Let’s be honest about history. Clinton’s first term was pretty much defined by his capitulation to the right, his penchant for frustrating his own base and his tendency to betray his friends? Does that sound like a formula for President Obama to follow?

The truth for Clinton, as it may one day be for Obama, is that a symbolic victory might turn around his public perception more than a policy one. Clinton was a waffling “Slick Willy” until the government shutdown staring contest with Newt Gingrich and the Republican Congress. When Republicans in the House refused to pass the federal budget unless Clinton made drastic cuts in social welfare programs, he stood up to them and the government was shut down for weeks, from December in 1995 to mid January of 1996.

While it was non-essential government services (we were all still getting our mail) the public thought that Newt was going too far, sided with Clinton and the rest is history. Bob Dole was tainted by the whole affair weakening his run for president in 1996, where Clinton won re-election but STILL didn’t get 50 percent of the popular vote. He continued to waffle throughout his presidency, get in trouble, but his one major public standoff with the Republicans is remembered almost 20 years later as Clinton’s coming into his own presidency.

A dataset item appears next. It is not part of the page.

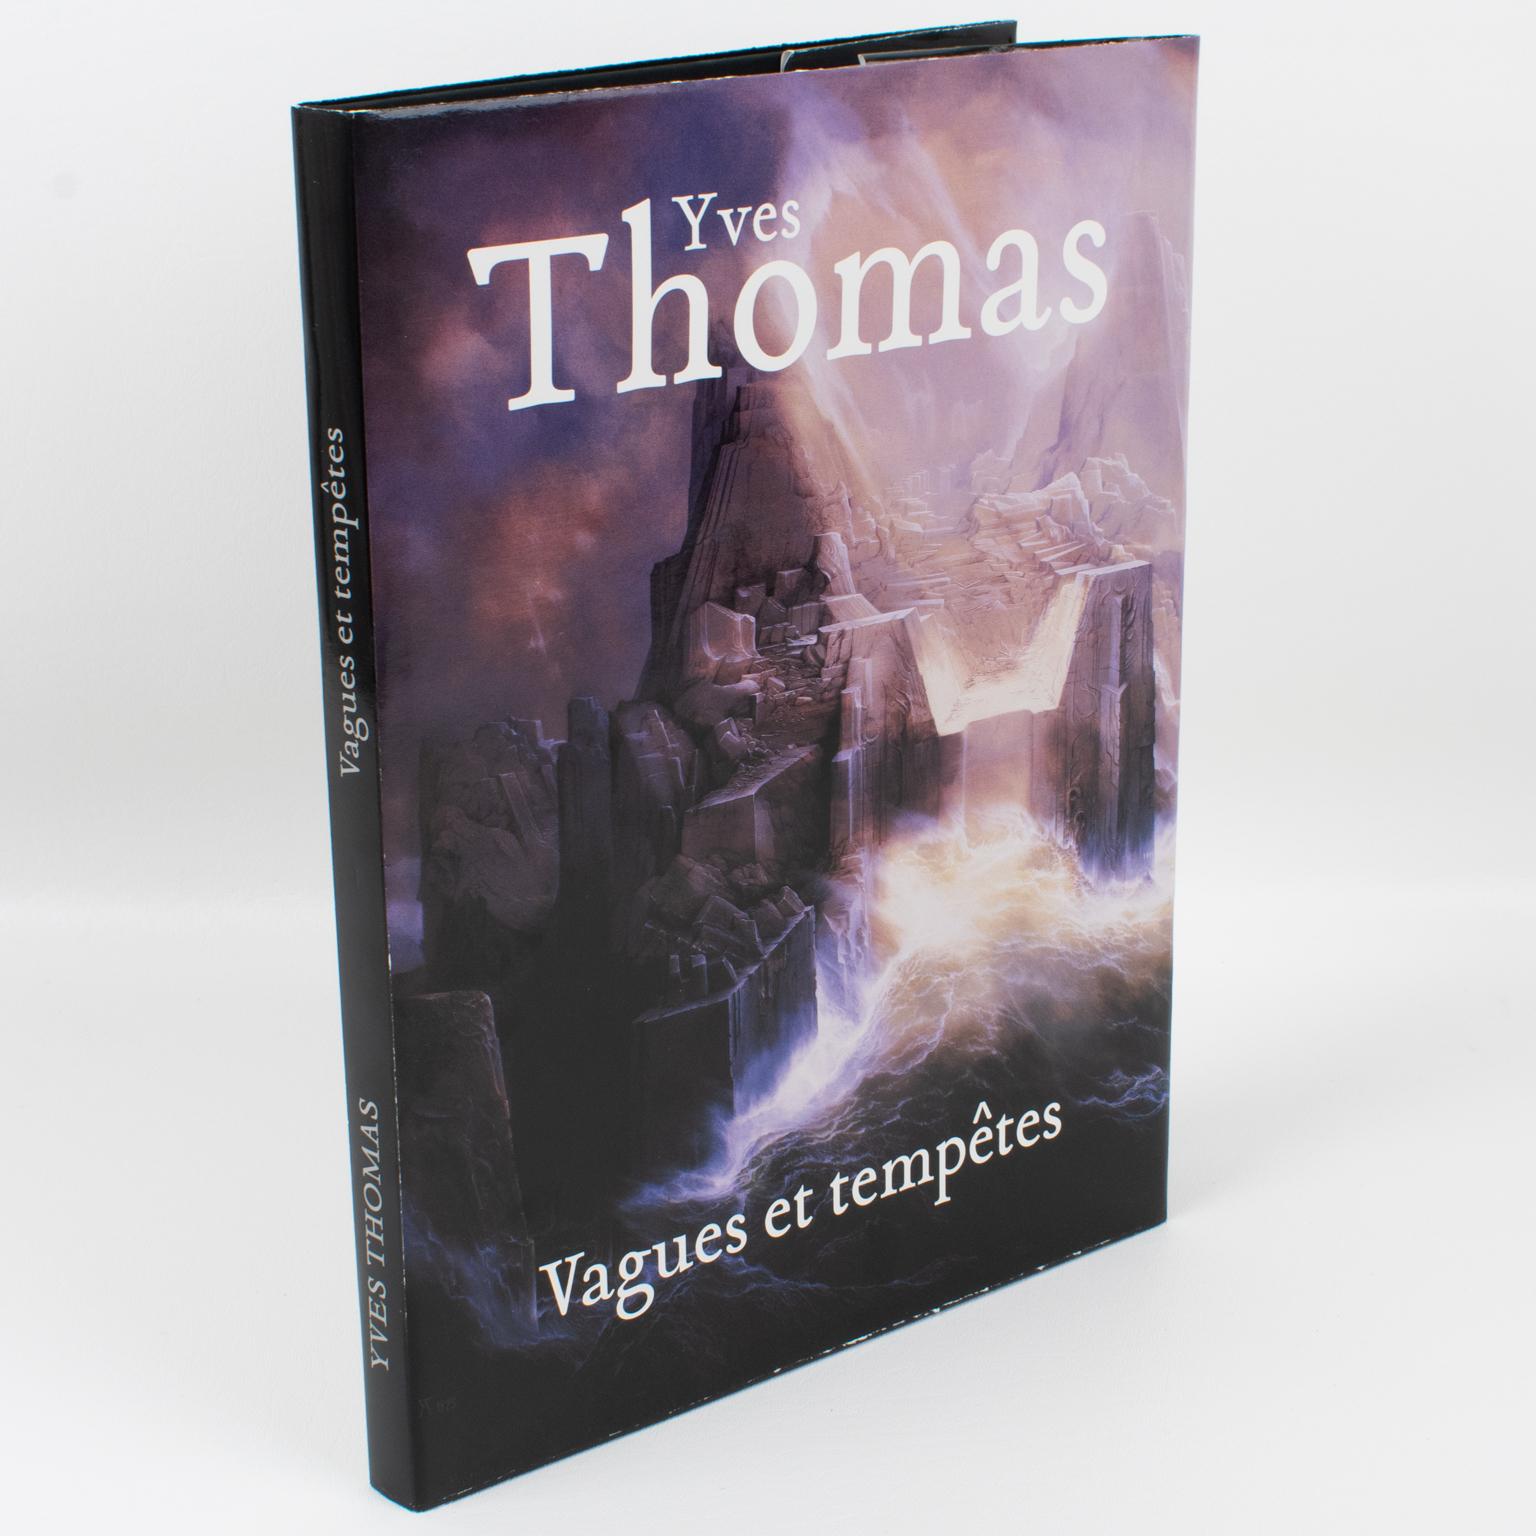 Yves Thomas, Vagues et Tempêtes, livre français-anglais d'Yves Thomas, 2011.
Yves Thomas est un artiste français reconnu et répertorié, né en 1937 en Normandie. 
Les plus belles œuvres d'Yves Thomas ont quelque chose de musical, la sonate, la

President Obama has made plenty of ‘rookie mistakes’ in his first two years in office, but the suggestion that Clinton was a model of presidential leadership is a specious one. Clinton’s presidency wasn’t saved by “triangulation” or moving to the center, he had been doing that all along. Clinton was just as much a back – tracking capitulation waffler then as many see President Obama as today. Clinton lucked out when the Republicans tried to overreach and he took advantage. You aren’t outmaneuvering someone when you simply have an issue fall into your lap.

At some point Obama too will have to make a public stand on some issue that symbolically makes Americans think that he’s got a spine, even if it’s followed by four more years of waffling and caving. Maybe he’ll figure it out and maybe he won’t , but if he’s smart he’ll leave the Clinton revisionist strategy in the past.


(Dr. Jason Johnson is an associate professor of political science and communications at Hiram College in Ohio, where he teaches courses in campaigns and elections, pop culture, and the politics of sports. He can be reached at johnsonja@hiram.edu.)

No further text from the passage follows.